Ресторан был мне незнаком, впрочем, таких в последнее время развелось на каждом шагу. Войдя, я осмотрелась и пошла прямо на кухню, которая располагалась за перегородкой, где исчезали официанты с подносами. Меня никто не остановил, и я спокойно прошла мимо котлов С поварами и вышла через заднюю дверь в захламленный дворик. Нужно было подготовить возможные пути отступления на случай, если что-то пойдет не так и придется спасаться бегством. С одной стороны к дворику примыкала стройка, отгороженная забором. Вернее, это было старое, полуразрушенное здание, которое уже сломали, но еще не начали восстанавливать. У забора стояли мусорные ящики. Подойдя к ним, я увидела в заборе дыру, удовлетворенная, вернулась тем же путем в ресторан и уселась за свободный столик. Посетителей было немного, атмосфера была спокойной и неторопливой, тихо звучала медленная инструментальная музыка и лениво сновали официанты. До прихода профессора оставалось пять минут. Сделав заказ, я стала ждать.

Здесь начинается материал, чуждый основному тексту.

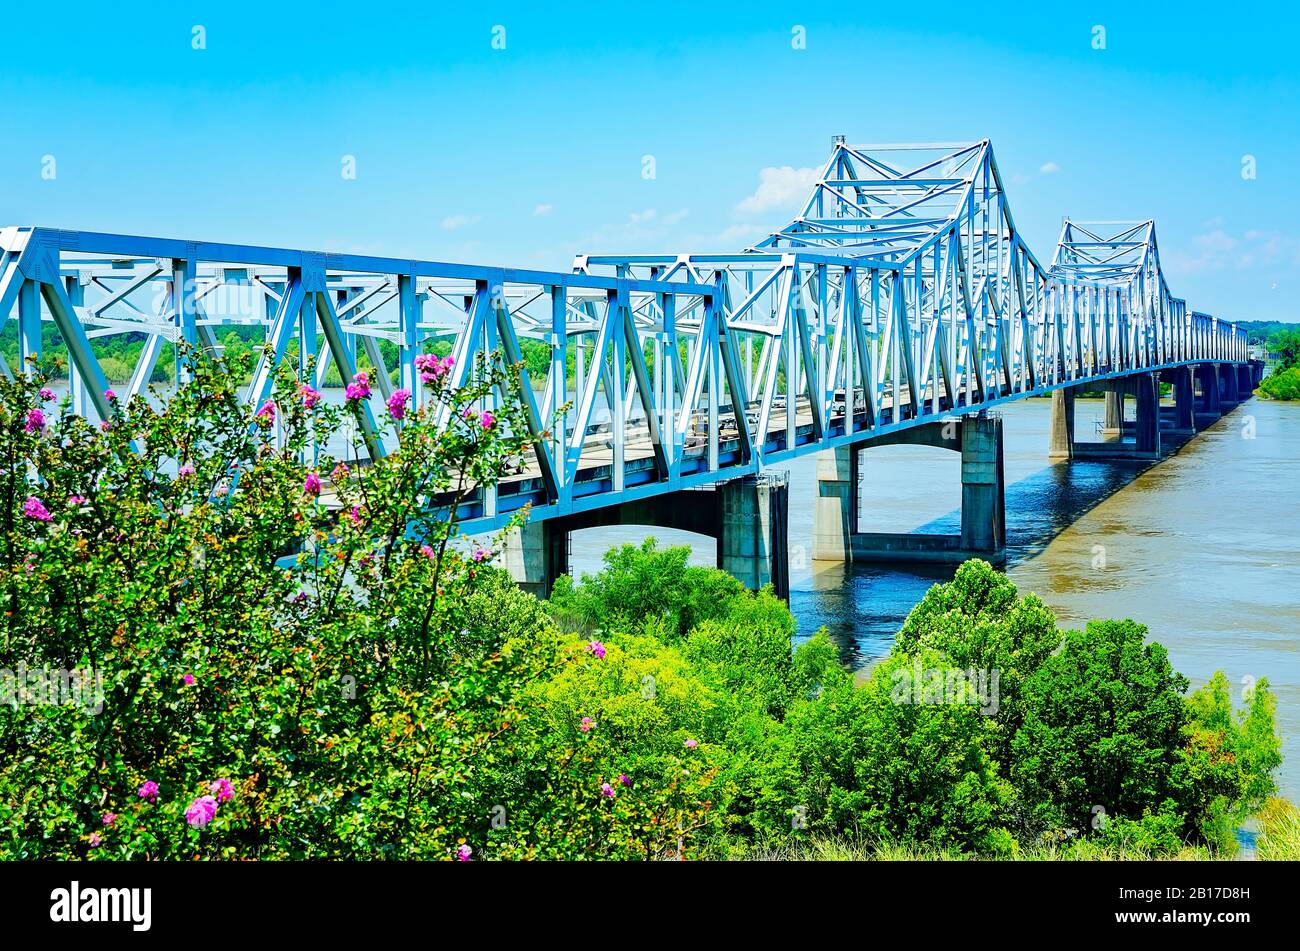 The Vicksburg Bridge, also known as the Mississippi River Bridge, spans the Mississippi River, July 26, 2019, in Vicksburg, Mississippi. Stock Photo

Кох появился в дверях, когда часы на стене громко пробили пять часов. Он был все в том же костюме с галстуком и по-прежнему напоминал индюка. Едва сдержав улыбку, я кивнула ему, и он направился ко мне. Через пять минут он уже возбужденно рассказывал:
— Браво, Мария, вы превзошли все наши ожидания! Мы и не думали, что вы так быстро выйдете на след и добудете что-то существенное…
— Так что это за штуковина такая, Ерофей Иосифович? — нетерпеливо перебила я его. — Это и есть ваш биогенератор?
— К сожалению, это не совсем то, что мы ищем. Но это доказывает, что вы на правильном пути. Этот аппарат предназначен для локального зомбирования личности. Он отключает сознание, парализует волю и может задавать самые примитивные поведенческие программы и команды. В нем использованы те же принципы, что и при дрессировке собак: сначала лишают разума, а потом внушают необходимые реакции.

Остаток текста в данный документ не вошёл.